## What you are asked to do
Using the listing below, output only the lines from the one that contains "Zrzut ekranu posta, w którym" through the one that contains "Алексеевич Некрасов в", inclusive, exactly as given and without images.

## Records for the task
=== Section Start ===

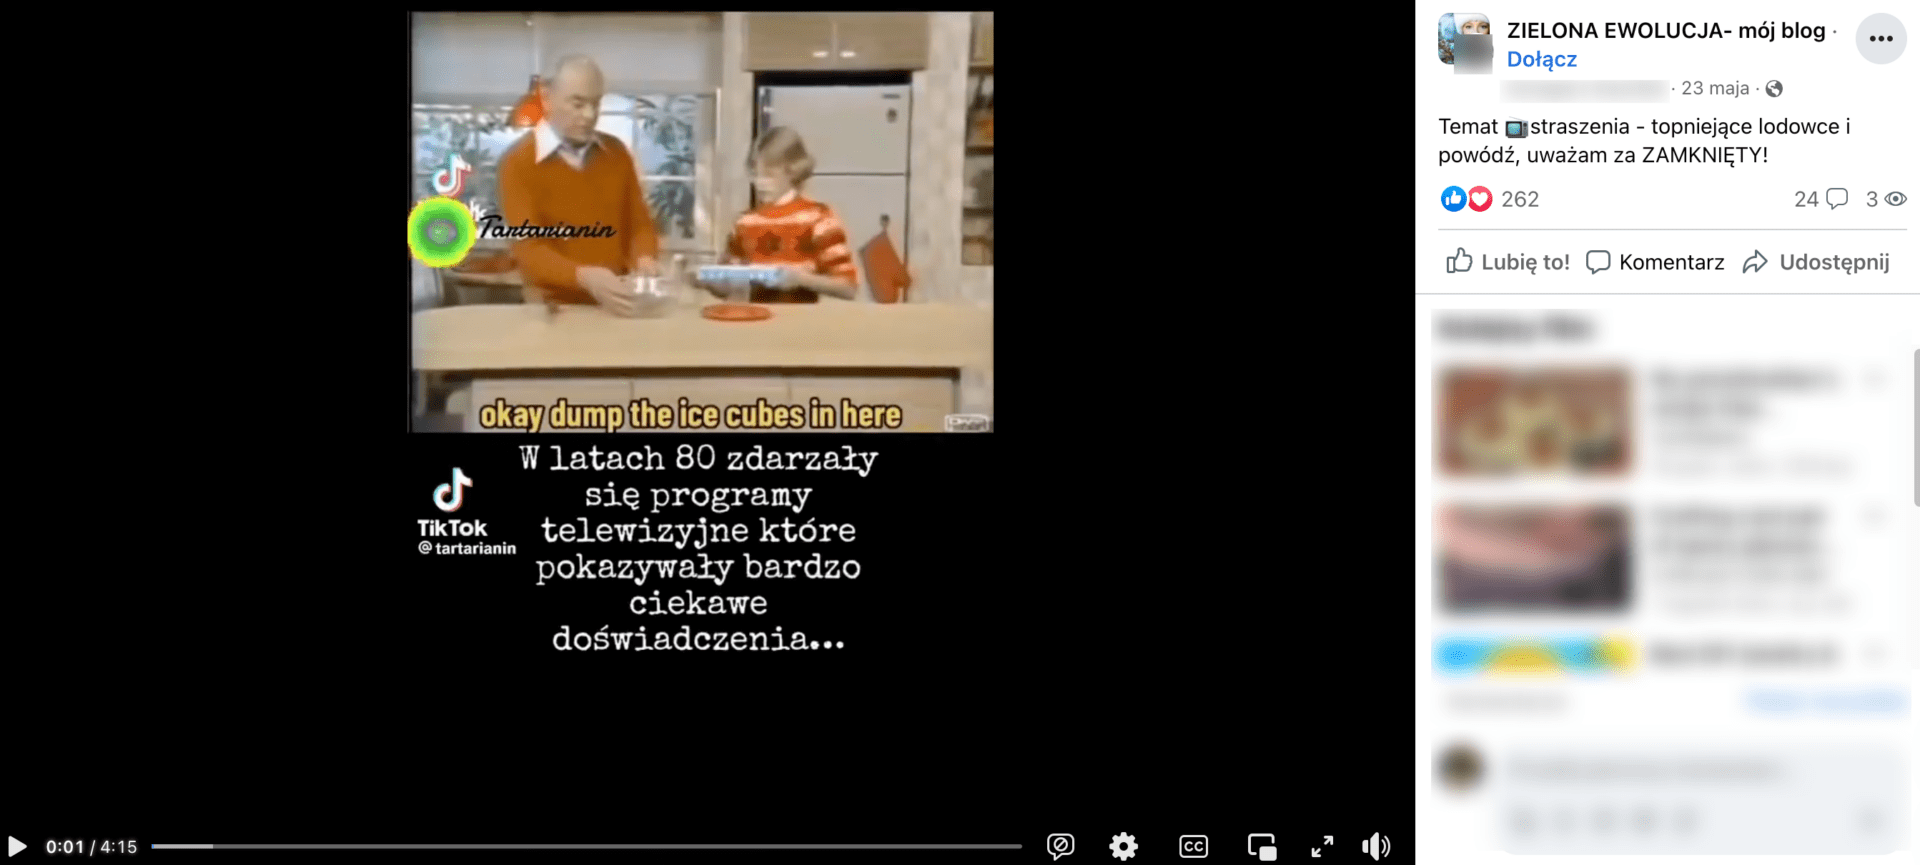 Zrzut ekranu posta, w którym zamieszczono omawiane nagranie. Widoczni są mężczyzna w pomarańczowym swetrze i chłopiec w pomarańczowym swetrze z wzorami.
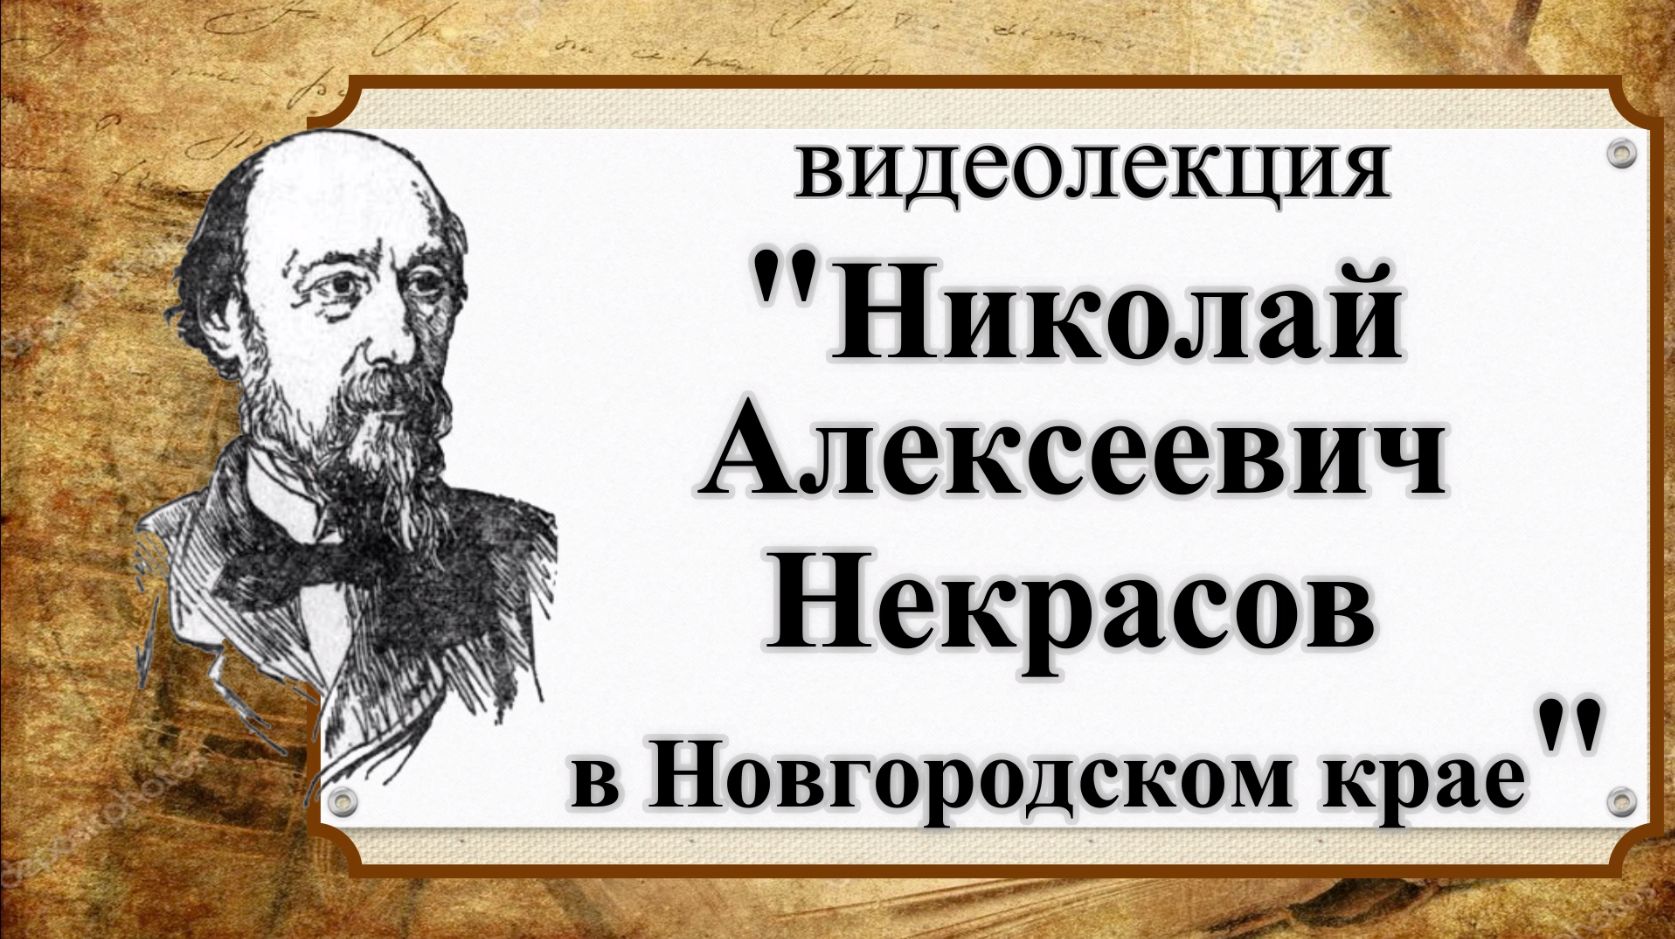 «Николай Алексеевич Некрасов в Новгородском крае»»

=== Section End ===
=== Section Start ===

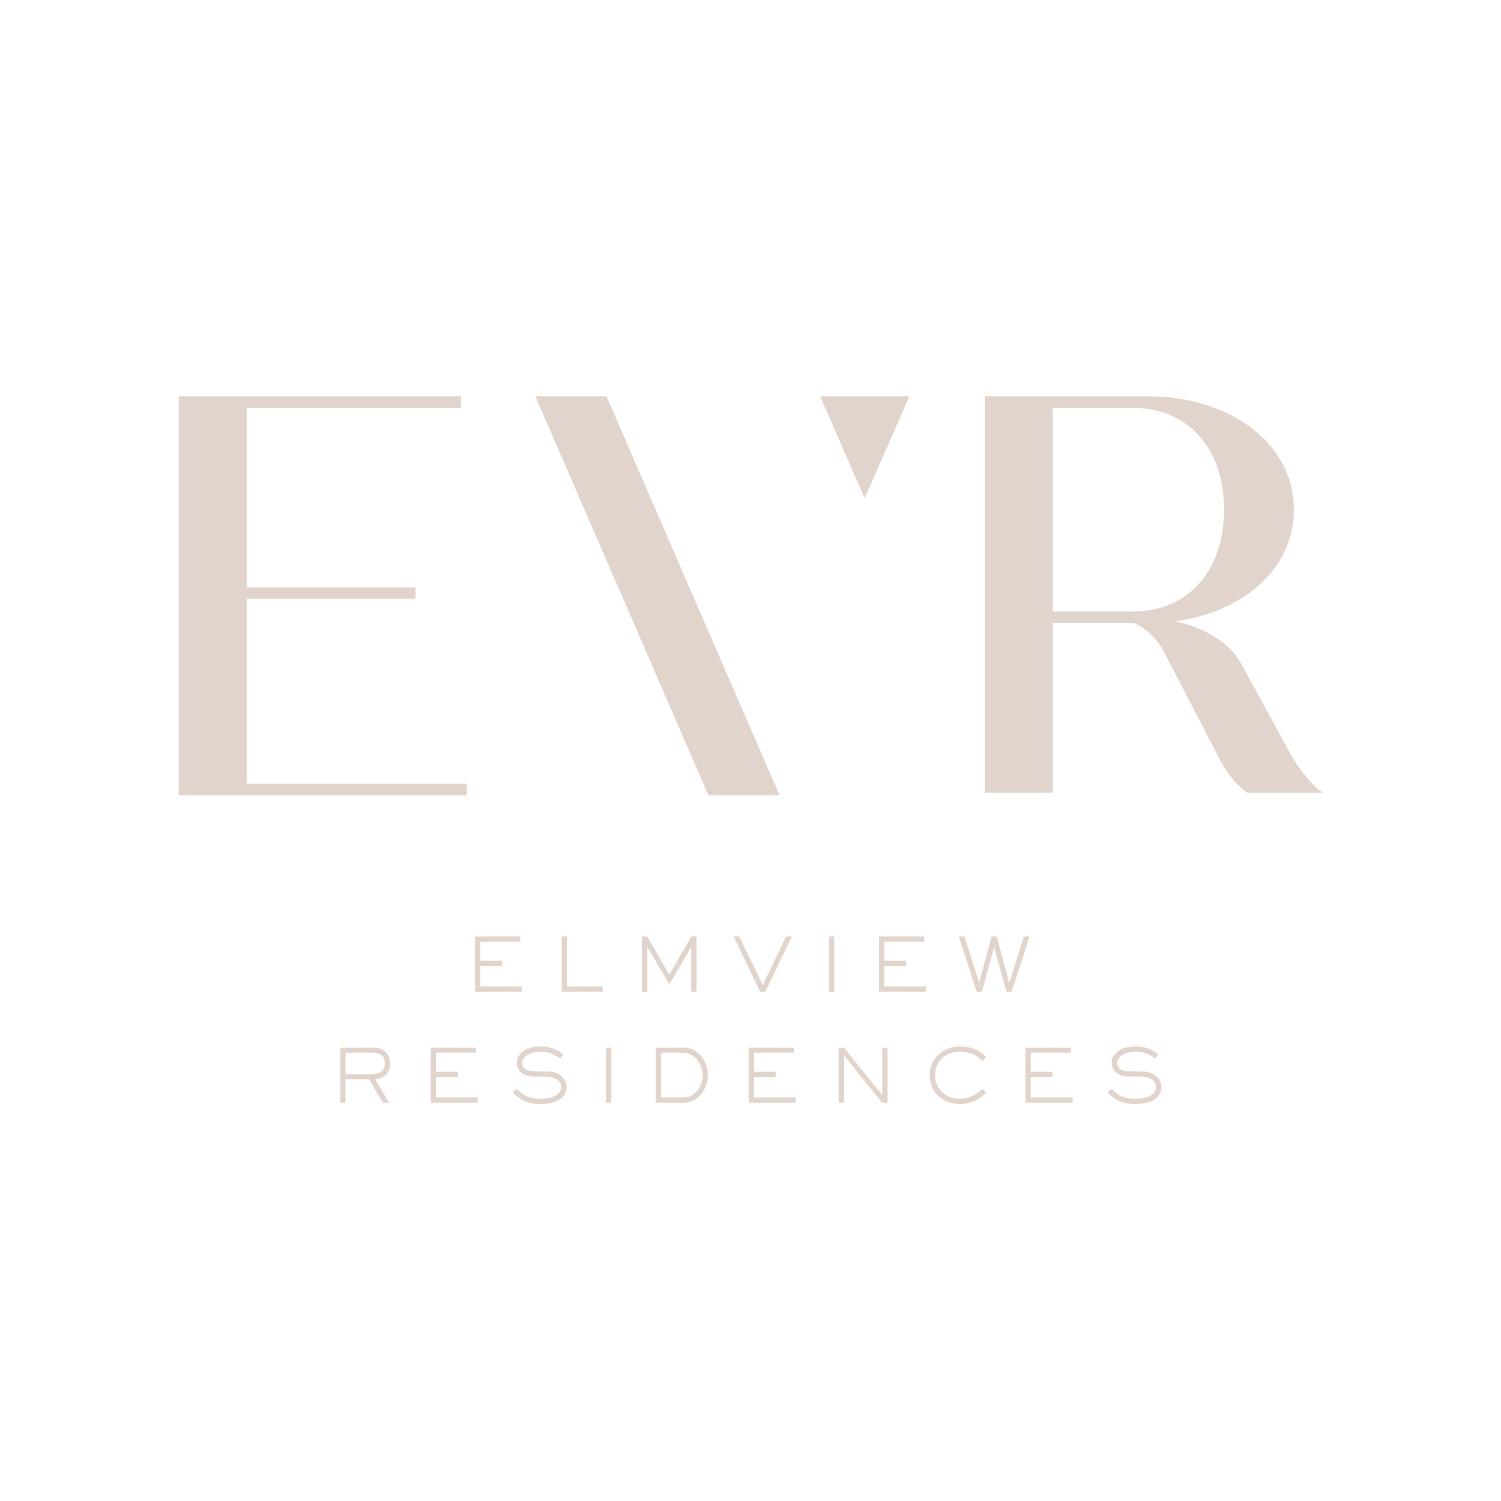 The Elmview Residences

=== Section End ===

## Solution for this exercise
 Zrzut ekranu posta, w którym zamieszczono omawiane nagranie. Widoczni są mężczyzna w pomarańczowym swetrze i chłopiec w pomarańczowym swetrze z wzorami.
 «Николай Алексеевич Некрасов в Новгородском крае»»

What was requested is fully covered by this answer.